Wednesday, 7 December 2011

'Scoring' followers: social media abuse

My name is Sam, and I am an abuser of social media.

I don't just use social media, I abuse it. But don't we all? Take, for instance, every Facebook status telling the world how many kilometres they ran (not miles, kilometres sounds better as there are more of them and therefore more impressive), and every tweet describing how tired they are that morning. Facebook friends crave a 'like' or a comment, as a smack addict craves their next fix. Twitter accounts are desperate for a retweet or to open their individual stories to discussion with a wider audience, in order to score more followers.

"Facebook friends crave a 'like' or a comment, as a smack addict craves their next fix. Twitter account are desperate for a retweet in order to score more followers"

The fact is that social media is self-serving. It's an online platform full of people who constantly need attention, and each user will persist until they hit the jackpot with a particular insightful status or humorous tweet - but even that won't be good enough. Once they've experienced the nectar of popularity, they're eager for more, to build on their modicum of success. They have visions of grandeur, becoming the 'next big thing', a social commentator who others will look to so that they too can beat the trodden path. Bees buzzing around the internet with aspirations to become the queen bee, to rise to the top, to gain respect from their peers. But there can only be one queen bee, and that is established from birth. The social media hierarchy is a monarchy, not a democracy.

I'm not so short-sighted that I don't count myself among this group, though. I tell myself, and others, that I use both Facebook and Twitter as an extension to the monologue that's continually running in my head, as a platform to gauge my jokes and general thoughts. I'm critical of myself, so if some witticism doesn't get the desired response then I'll delete the comment, erasing any history of it completely. I know that's not cool, but I do it anyway, my ego takes control of my sensibilities. Another example - if I deem something worthy to appear on Facebook, I tend to hold it back until the end of the working day because in my mind, that is when most people will read it, on their commute back from work or later in the evening in the comfort of their own homes, idly scrolling through that evening's updates.

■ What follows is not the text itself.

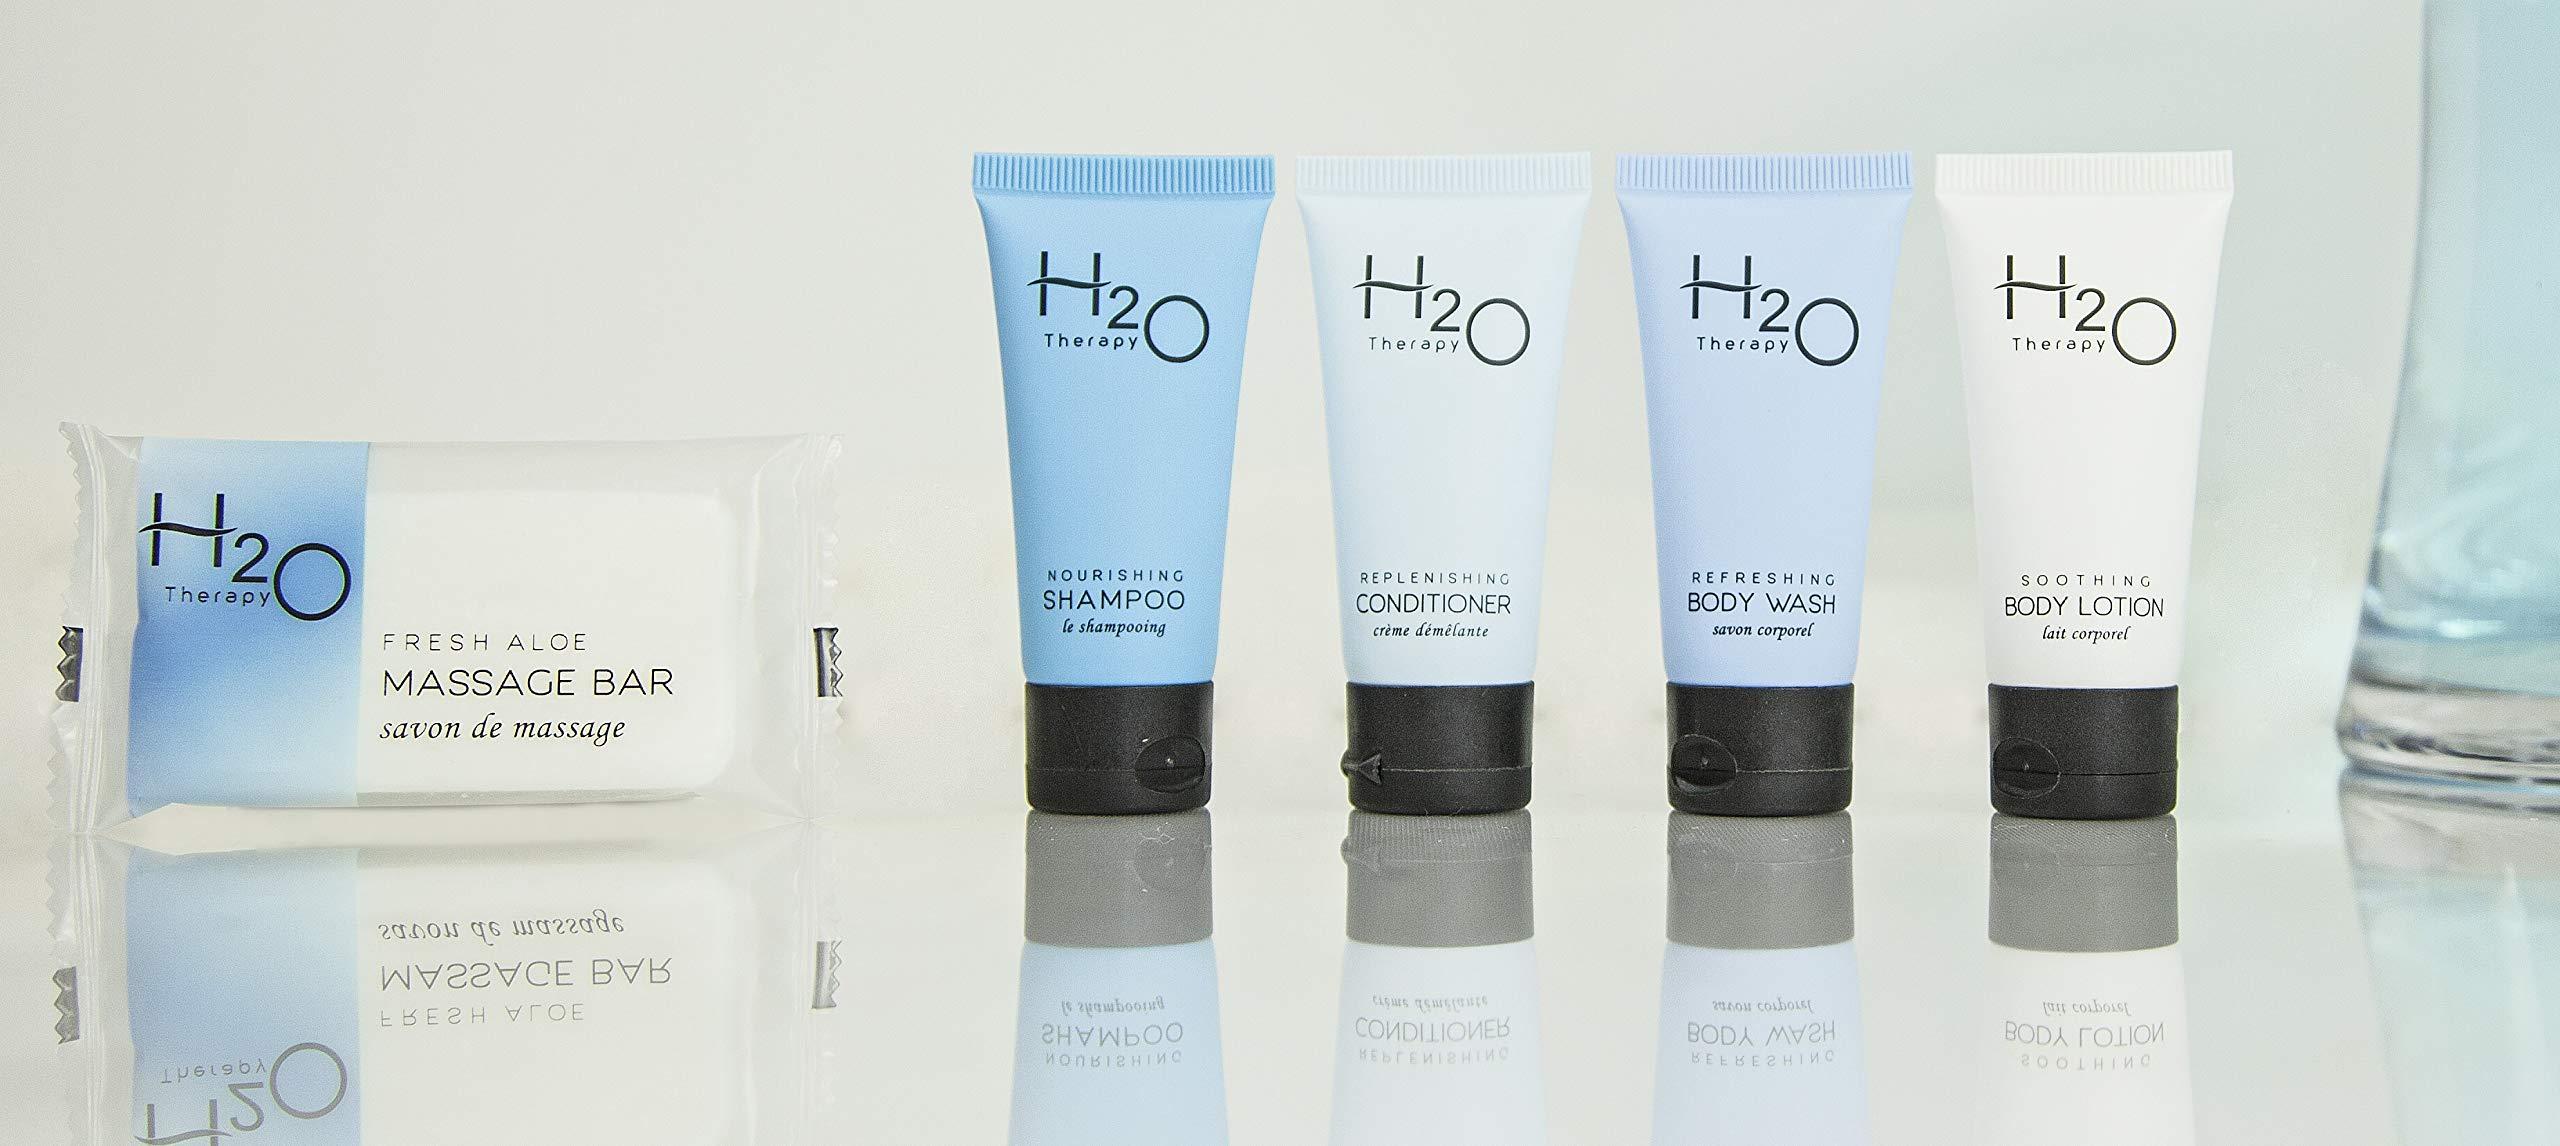 H2O Nourishing Shampoo - H2O products

I left Facebook for 18 months a few years ago, only returning in order to keep in touch with a friend who moved back to Australia, as well as others who were moving elsewhere in the world and across the country. But it sucked me back in and, while I don't feel the need to pass comment every single day, thanks to the rise of the smartphone, not a day goes by now without me checking my Facebook's home page or my Twitter feed.

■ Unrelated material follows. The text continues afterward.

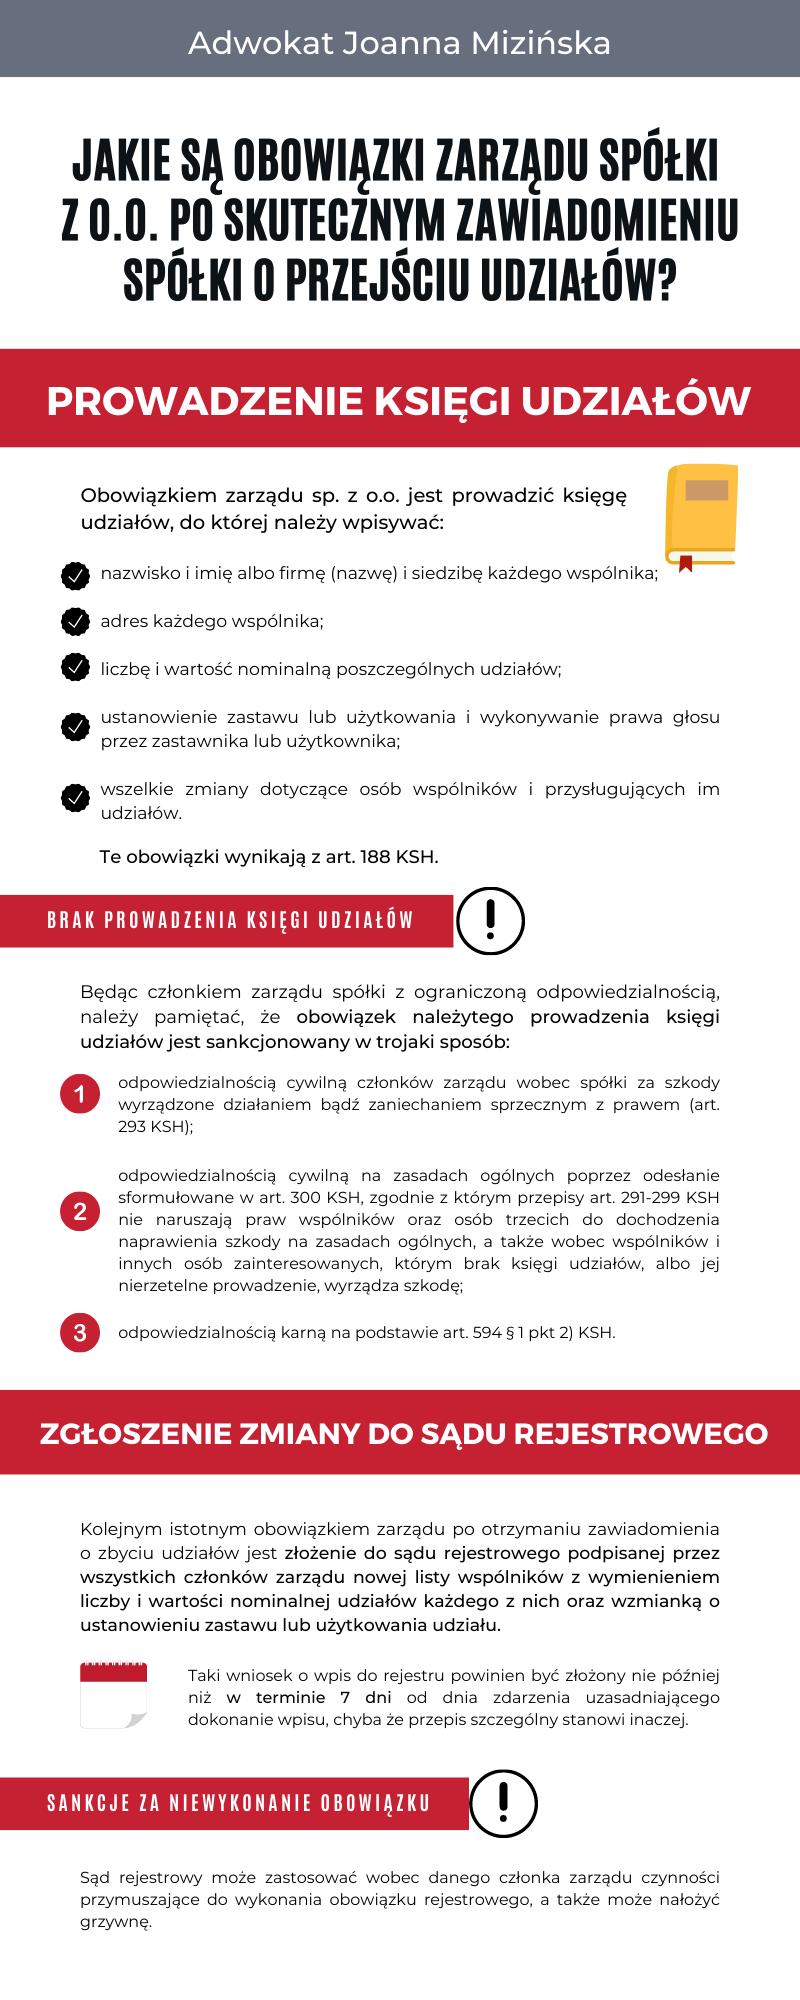 obowiązki zarządu sp. zo.o.

I view it as a form of O.C.D. for my E.G.O. One final example highlights this and, again, I have never been afraid to admit this; indeed, I openly embrace the fact that I attempt to keep my following/followers ratio equal on Twitter. I can't put my finger on exactly why, but I'm sure it's some attempt at justifying my use of the platform - if I can attract a certain number of people who regularly tolerate my musings on life, then I am worthy to follow another person with each new follower.

Next week I'll be starting a new job, so I'm going to ween myself off having Twitter open at work in order to commit to the project properly. But take a look at your own history and ask yourself whether you're a user or an abuser. I envy the former, those who really can post something and forget about it, without wondering if others find it thought-provoking in any way. But I say it with a great deal of certainty that the majority of us fall into the latter camp of abusing social media.

Tuesday, 22 November 2011

Fantasy Fever

I recently begun re-reading Nick Hornby's Fever Pitch (for those unfamiliar with the book, it charts the author's obsession with football beginning when he was just a young boy and continuing into adulthood, looking at the parallels between his team's and his own fortunes in life) and it got me thinking about my own comparisons. Whereas Hornby often found himself living for the weekend and reliving favourite matches in times of boredom, in similar situations I find my mind wandering to how I want the fixtures to play out to hand me the advantage in fantasy football.

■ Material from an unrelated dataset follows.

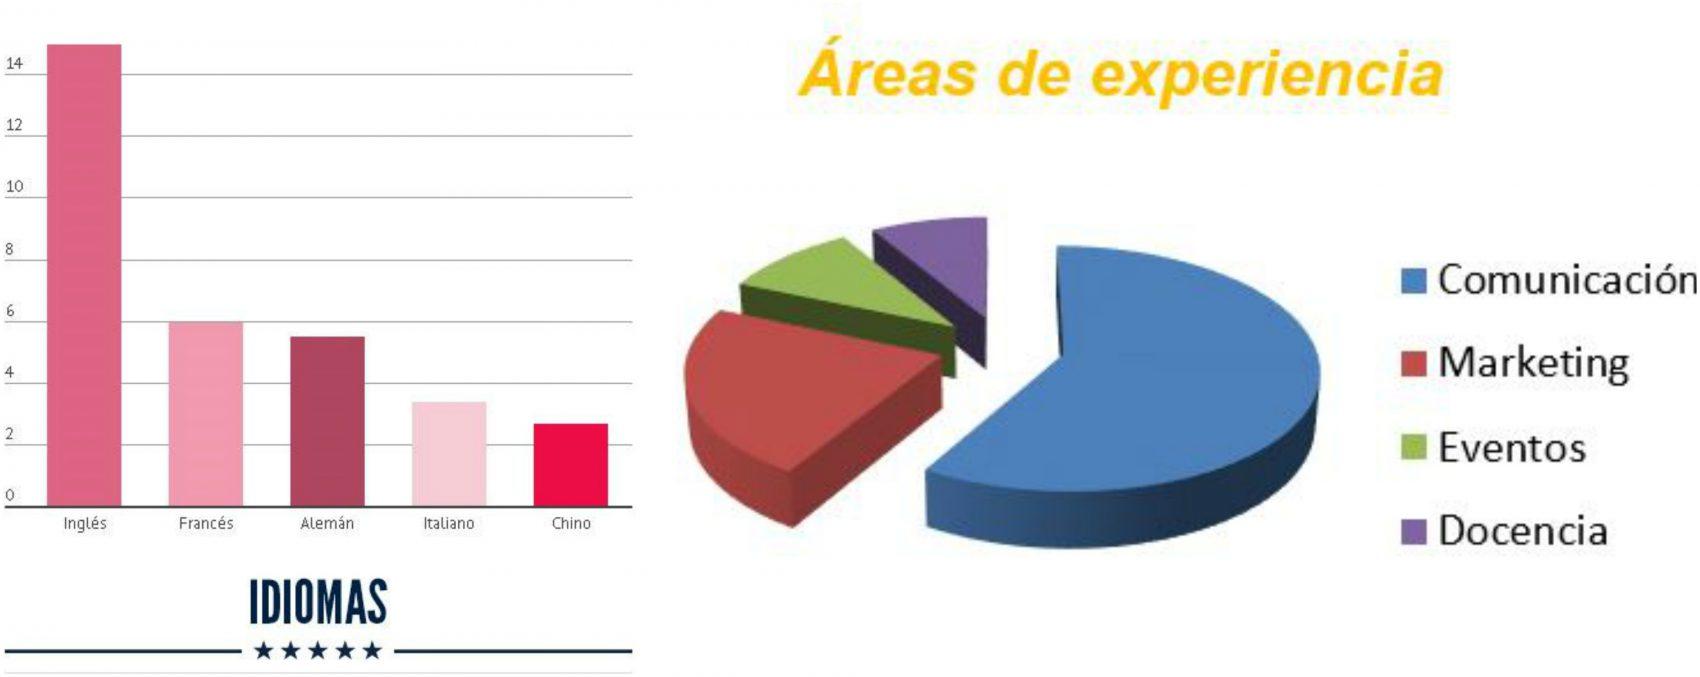 gráficos-áreas-de-experiencia

No longer confined to the pages of newspapers, broadsheet and tabloid alike, over the years there have been various iterations of fantasy games popping up all over the internet, with my game of choice being the official Premier League version. It was as a schoolboy that I first pored over the points and valuations of the players, attempting to second-guess who was going to fire on all cylinders in the season ahead. Once my team was picked, I'd spend a few weeks monitoring my players and regretting decisions until realising I couldn't make any changes until halfway through the season and then I'd lose interest altogether.



But with the internet came the ability to make constant changes, one a week for free or more for a four-point 'hit'. And with that ability came the addiction. One player might score a hat-trick at the weekend and become the flavour of the week, but in order to fit him into your team would require a bit of shifting around, dispensing two or three people in order to be able to afford him at the expense of other players who, quite frankly, weren't pulling their weight and thus were brutally dispatched so you could flutter your eyelids at your latest acquisition... who then, predictably (in hindsight, which is such a wonderful thing), would draw a blank while for another team someone might have scored a brace against one of the bigger clubs, and you think 'well, if he can do that against them, he'll end up annihilating the relegation fodder', and you dispatch the troops to get shot of that over-priced footballer, who also suddenly seems more overweight than you had seen before through your rose-tinted glasses, and bring in this week's golden boy... you can see a pattern emerging.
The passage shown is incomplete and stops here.